Iraq's most senior Shiite cleric, Grand Ayatollah Ali al-Sistani -- in London for unspecified medical treatment -- appealed for an end to the standoff. He was "following the suffering of his Iraqi people and sons and sharing their pains with deep sorrow and great worry," a statement said.
Iyad Allawi, the Iraqi prime minister, urged the militiamen to abandon their stand. "Our government calls upon all the armed groups to drop their weapons and return to society," he said. "We also call upon the armed men to evacuate the shrine and not to violate its holiness."
His appeal had little effect at the mosque. Among the injured men was Hassan Liwis, 26, a student from Nassirya, who had left his final exams to fight with Sadr's militia in April. Yesterday he was badly burned when a helicopter fired a rocket at him as he stood holding a rocket-propelled grenade.
"We didn't see it coming," he said. "I am fighting to defend my leader, the Imam Ali and my religion. We will do anything to stop the Americans. They have sex and drinking and other things, and we don't want this."
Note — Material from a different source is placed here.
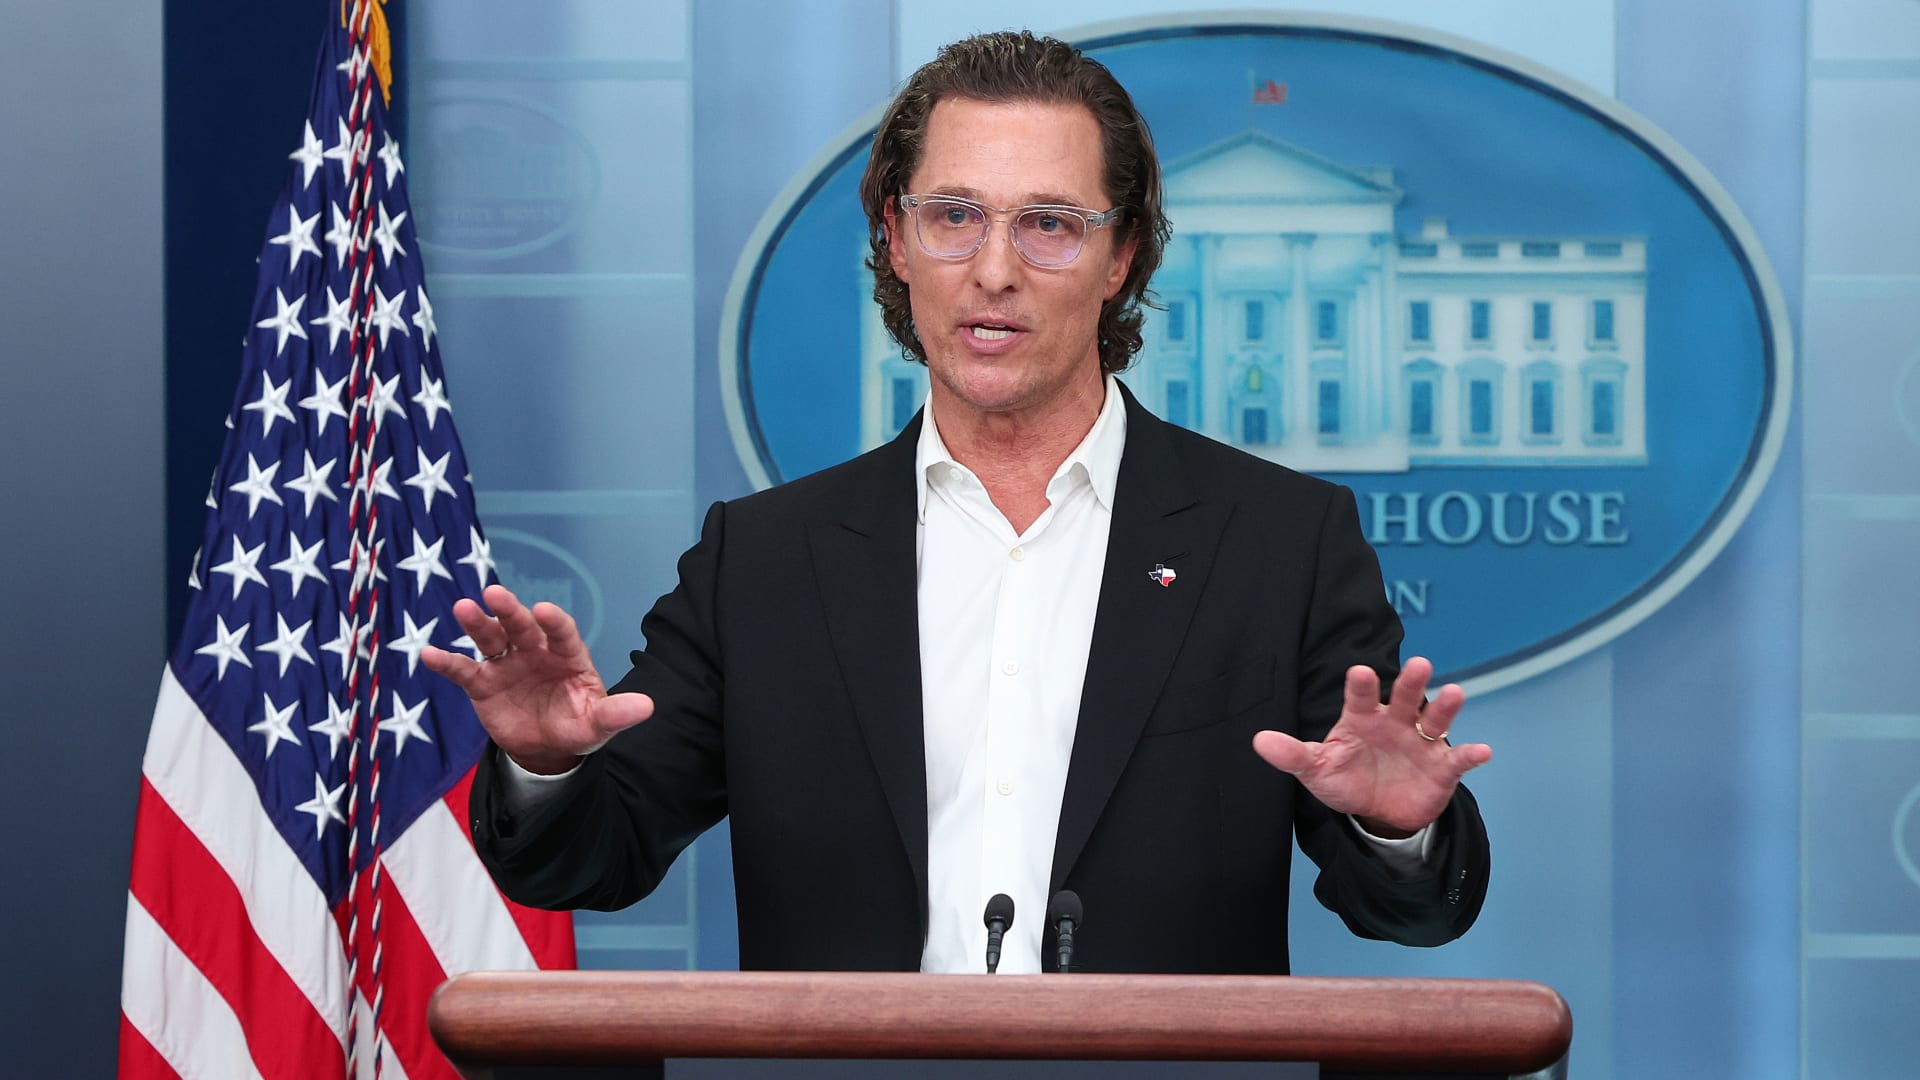 Matthew McConaughey expressed his support for gun control legislation at the White House on June 07, 2022.

Later, Shaibani and his men sat in their office talking over the U.S. strategy, insisting it would fail. Then silence fell as a man came in to report the injury of a friend, a young man named Haider, shot in the head by an American bullet and barely alive.
Outside, the body of a dead fighter lay unnoticed in an alcove beside the makeshift hospital. He lay wrapped in a blanket and covered by a sheet as the sun set behind him.